Starting around the year 2007, Premier Wen Jiabao revived the term when he started advocating for "zhengzhi gaige" as the expression "political reform" reads in Chinese, and the phrase’s appearance surged again in Chinese newspapers.

“He wants history to remember him as someone who advocated for political reform and for universal values,” says Li Datong, “he knows that his time is up, and that he did not do anything [concrete] on political reform.”

Hu has his own slogans

Outgoing President Hu Jintao may be remembered for his insistence on “stability preservation” and the promotion of what is called a "harmonious society."

Ever since the turmoil of the cultural revolution, Chinese leaders have stressed the need for social cohesion with slogans like “stability above everything else,” but Hu Jintao shortened the expression into a two character word: weiwen, or stability preservation.

“This is a political word for cadres at all levels, and it means that nothing can be done, that no reform can be attempted,” Li says.

Li was fired from his job as managing editor of the state-backed newspaper China Youth Daily in 2007 after he denounced the extent of censorship over his work. He calls ‘stability preservation’ a “dead kind of social stability” similar to a stagnant pond.

Expected leader Xi Jinping has so far refrained from expressing independent policy views before his appointment as Communist Party chief. Li Datong says this is common for new leaders, and in fact repeating the most common slogans may be a key requirement for politicians with ambition to rise to the top.
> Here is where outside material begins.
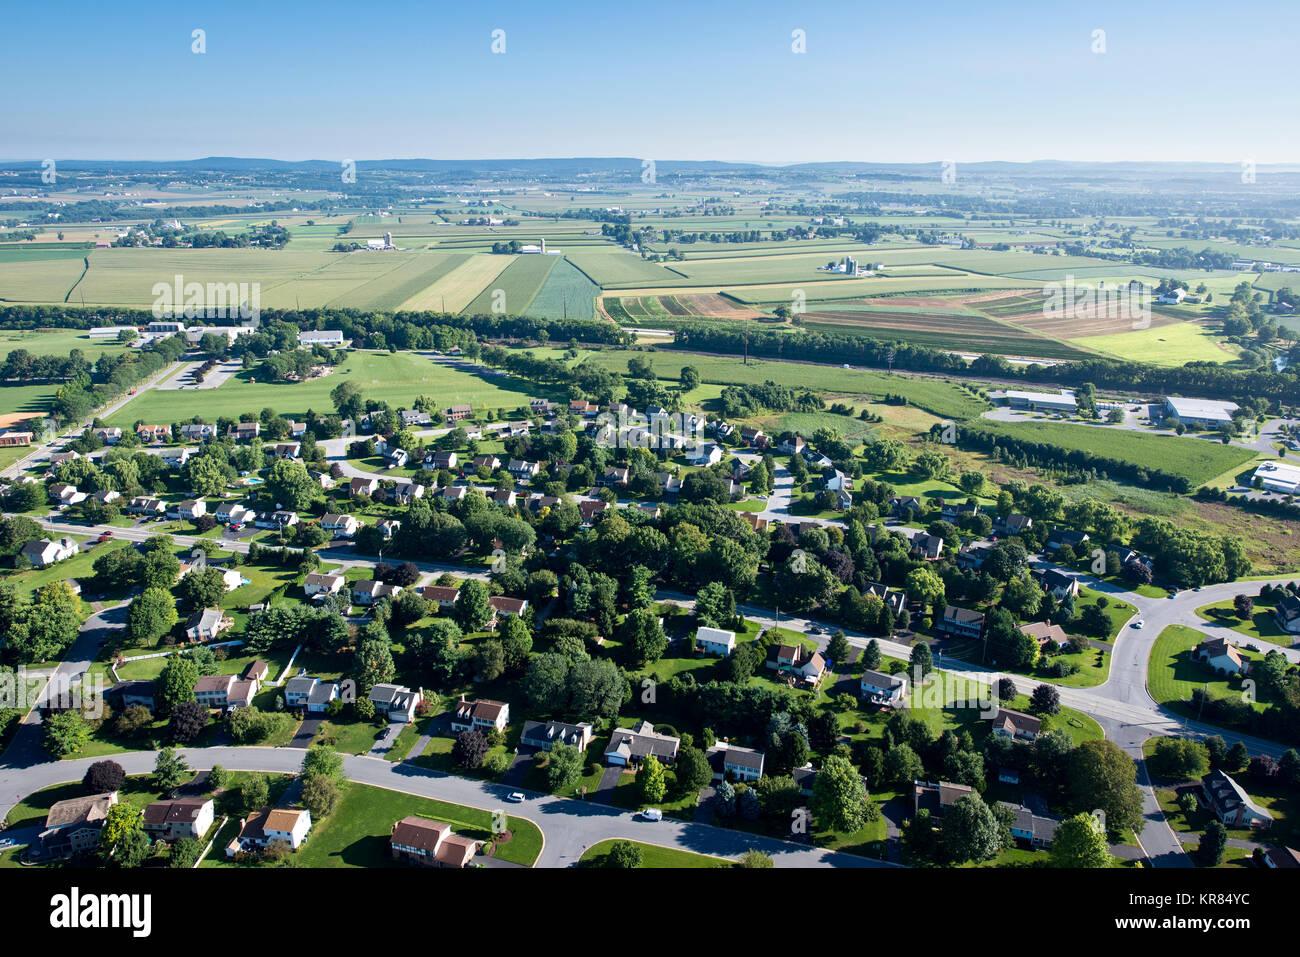 AERIAL VIEW OF SUBURBAN SPRAWL,LANCASTER PENNSYLVANIA - Stock Image

“In China there are many old sayings that express one concept, that you are safe when you are like everyone else,” Li says. “If you are exceptional you cannot become a leader.”

However, in 2010 when Xi was already assumed to be Hu Jintao's successor, Chinese media reported on a comment he made during a meeting of the party congress. “The power is given by the people,” he said, “and it is used by the people.”

Xi was elaborating on an earlier slogan by Hu Jintao that called on party cadres to consider the people's interests when exercising their power. The implications of Xi's addendum, that the party's legitimacy comes from citizens, has led to speculation that the next group of rulers may be more interested in pursuing reform.

Li Datong cautions against that reading however, saying that most times in China political words do not mean action.

“One of the characteristics of the Communist Party in China is that they speak beautiful words, even more beautiful than the president of the United States, but in reality they do not do anything,” he said.

Ultimately, Li says that China’s leaders will be judged by the more universal political standard of evaluating their legacy based on what they do, not what they say.